Не удовлетворила его и «Власть тьмы» на сцене <…>[12]—[13].
— Очень уж стараются артисты быть натуральными. Этого не следует делать. Исполнители должны скрывать свои намерения. Обыкновенно, как только замечаешь, что тебя стараются разжалобить или рассмешить, сейчас же начинаешь испытывать совершенно противоположные
143
чувства. И исполнители во «Власти тьмы» не совсем таковы, какими я рисовал. Никита не щеголь, не форсун, а только отпрыск городской культуры. Аким не вещает, когда говорит, напротив, он напрягается, спешит и потеет от усилий мысли. Он должен быть нервен и суетлив.
Через некоторое время Лев Николаевич опять заговорил о «Лире» и, почувствовав аппетит, обратился к своим дочерям:
— Регана! Гонерилья! А не будет ли старому отцу овсянка сегодня?
К Шекспиру Лев Николаевич вообще относится без увлечения <…>. Он никогда не цитирует его и не подкрепляет свою речь крылатыми мыслями, которыми так богат Шекспир. Между тем, например, из Гете Лев Николаевич довольно часто приводит по-немецки различные стихотворные отрывки, хотя в то же время и не принадлежит к его горячим почитателям, вполне разделяя мнение Гейне, что Гете великий человек в шелковом сюртуке. Однажды он более определенно отозвался о Гете и сказал, что Гете представляет собою редкий образец величайшего художника, но без того особенного икса, который придает незаменимое достоинство писателю. С произведениями Гейне Лев Николаевич познакомился настоящим образом только в последнее время и очень увлекался ими. В самой горячей беседе он иногда останавливался и, поднявши голову, мастерски прочитывал по-немецки какое-нибудь стихотворение Гейне, относящееся к беседе. Особенно нравится ему стихотворение «Lass die frommen Hypotesen…»[14].
Шиллера Льву Николаевичу тоже пришлось за последнее время реставрировать в своей памяти. Из Шиллера больше всего нравятся ему «Разбойники» своим молодым, горячим языком[15].
— «Дон Карлос» уже не то, — говорил он. — Главное же в «Дон Карлосе» меня отталкивает то, чего я никогда терпеть не мог, это — исключительность положений. По-моему, это все равно, что брать героями сиамских близнецов.
С Берне Лев Николаевич до последнего времени вовсе не был знаком и с большим удовольствием прочитал недавно некоторые из его статей <…>.
О Викторе Гюго Лев Николаевич очень высокого мнения.
144
— Редко, очень редко в одном человеке, — как-то сказал он, — сочетается такой талант с такой силой чувства и духа, как у Виктора Гюго[16].
Но больше всех имел влияние на его духовный уклад Ж.-Ж. Руссо.
— Я так боготворил Руссо, — сказал однажды Лев Николаевич, — что одно время хотел вставить его портрет в медальон и носить на груди вместе с иконкой <…>[17].

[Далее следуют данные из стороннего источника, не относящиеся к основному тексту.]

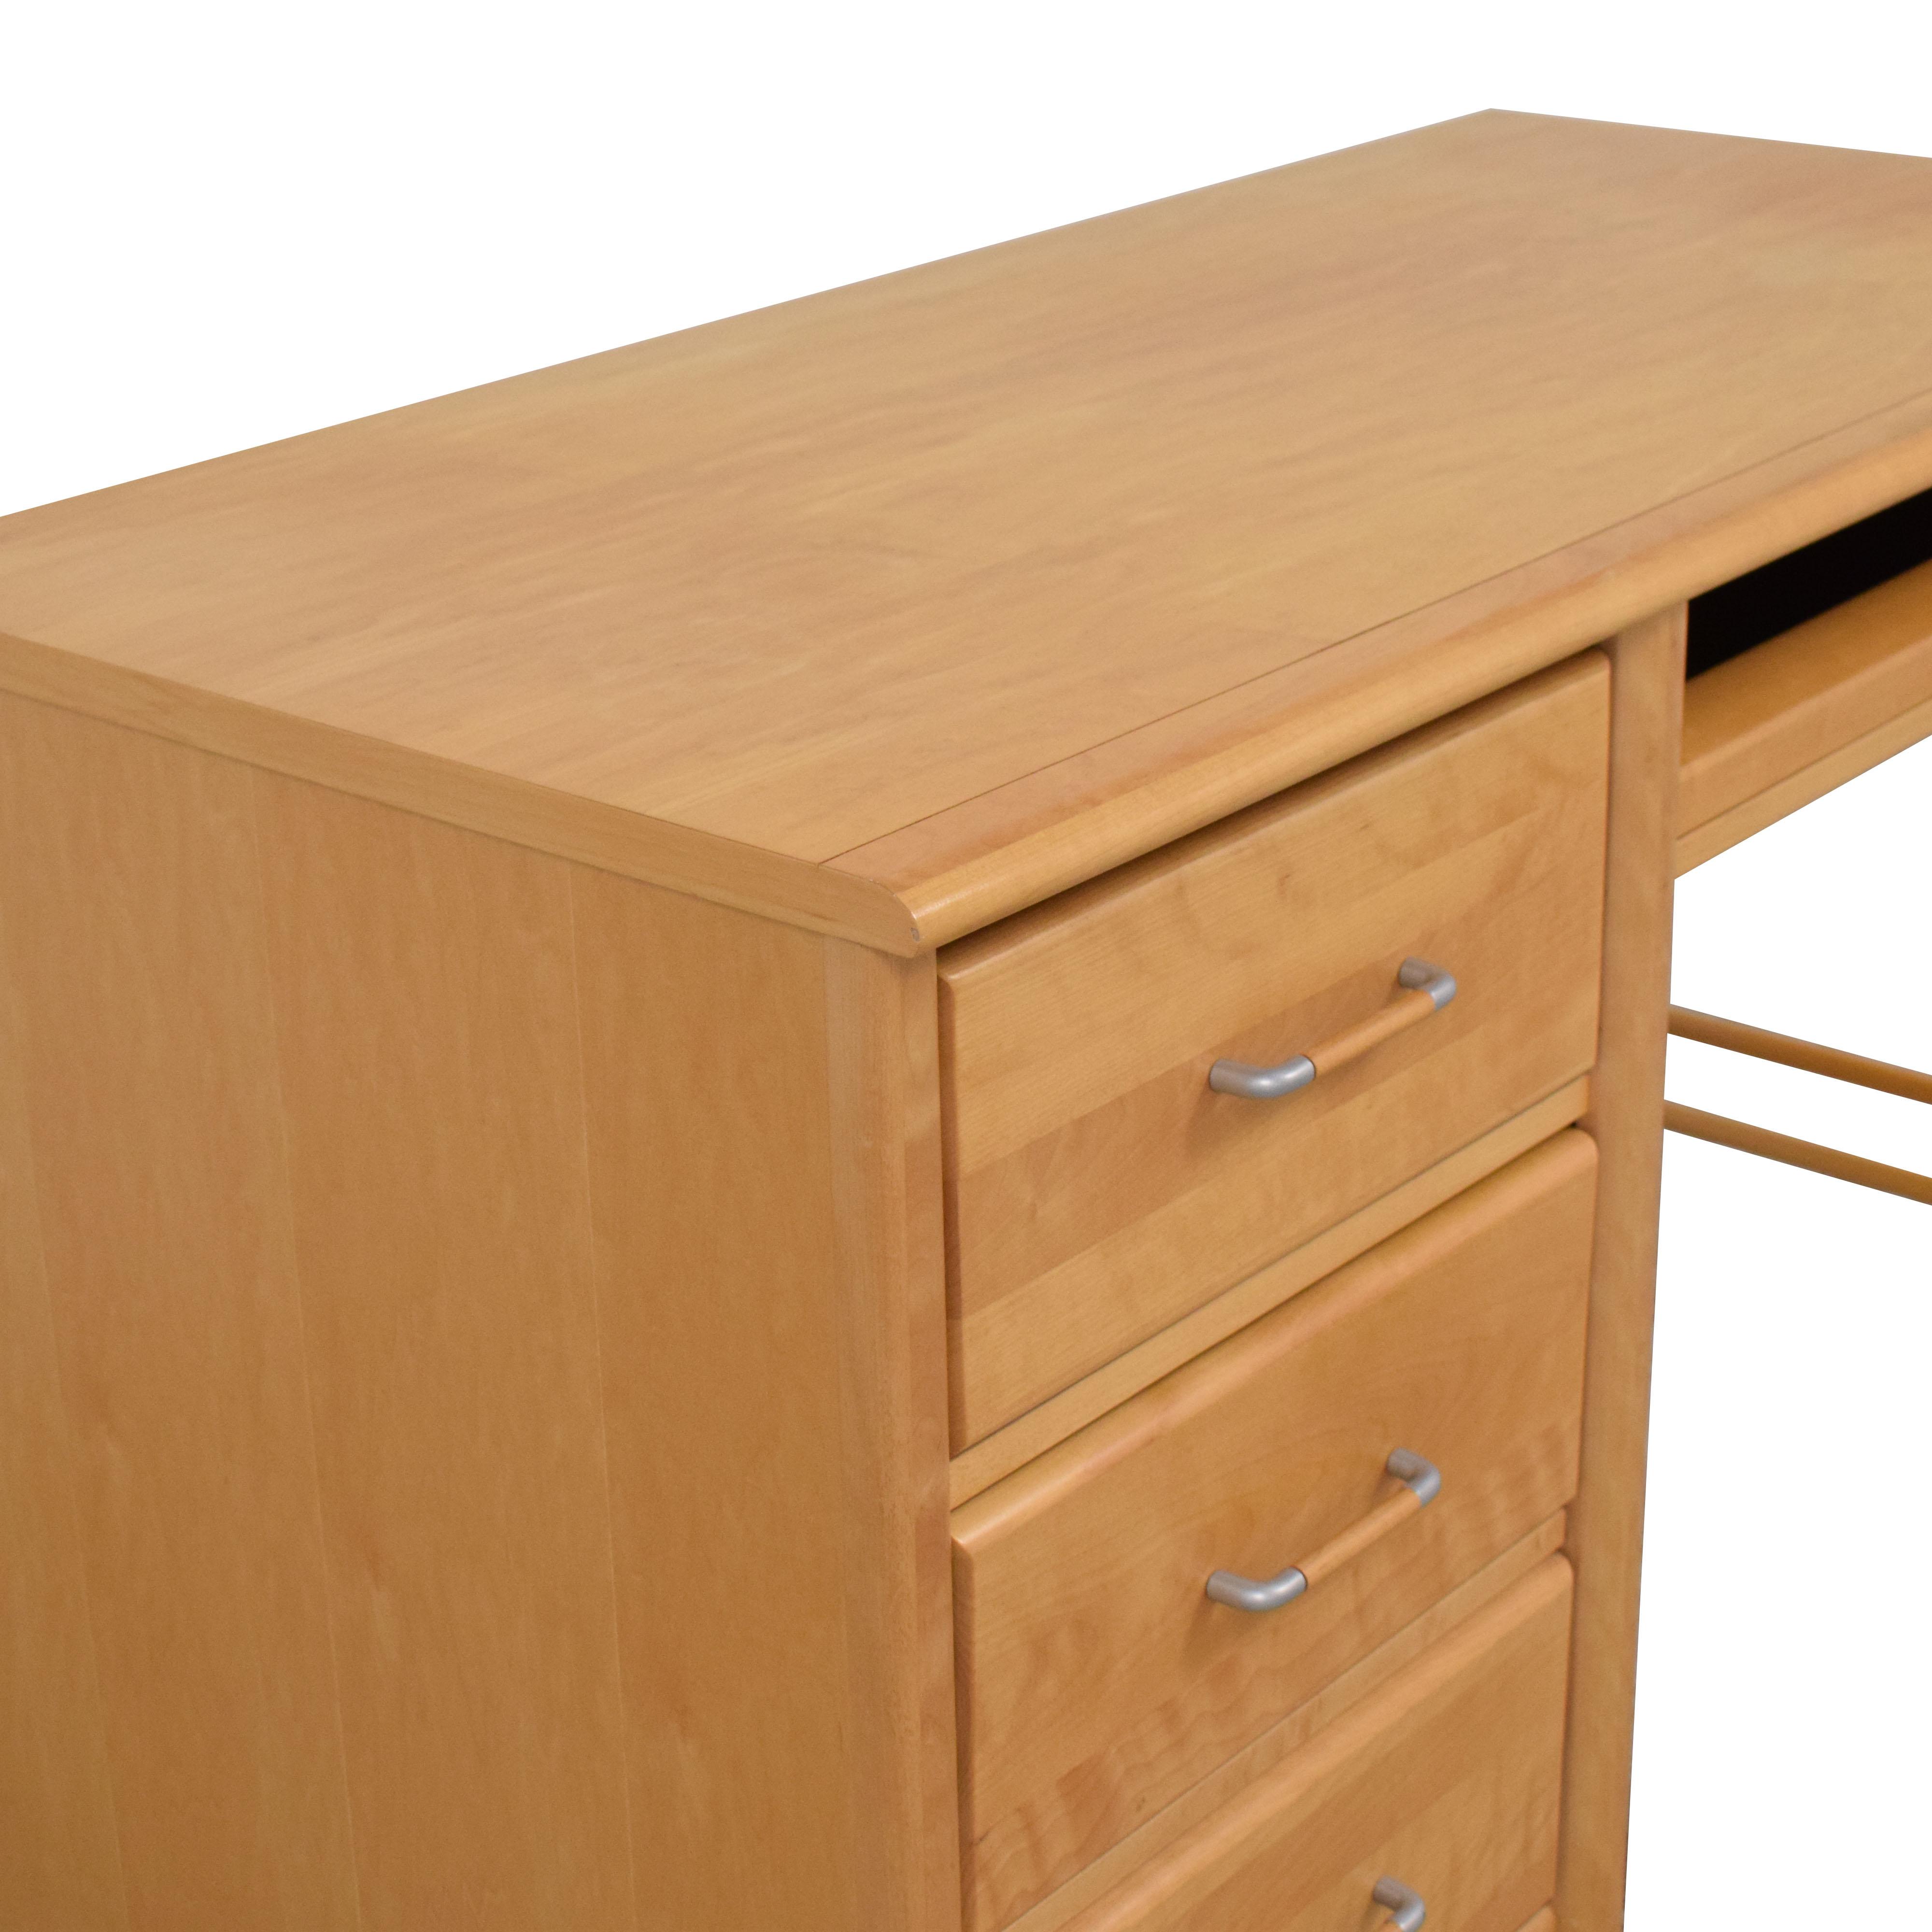 Stanley Furniture Stanley Furniture Desk light brown

Из русских писателей на Л. Н. Толстого имел наибольшее влияние Лермонтов[18]. Он до сих пор горячо относится к нему, дорожа в нем тем свойством, которое он называет исканием. Без этого свойства Лев Николаевич считает талант писателя неполным и как бы с изъяном. Роль писателя, по его мнению, должна включать в себя два обязательных свойства: художественный талант и разум, то есть ту очищенную сторону ума, которая способна проникать в сущность явлений и давать высшую для своего времени точку миропонимания.
Из русских современников Л. Толстого имел некоторое влияние на его литературную формацию Д. Григорович.
Не считая Григоровича крупным художником, Лев Николаевич признает, однако, за ним значительные заслуги как за изобразителем народной жизни[19].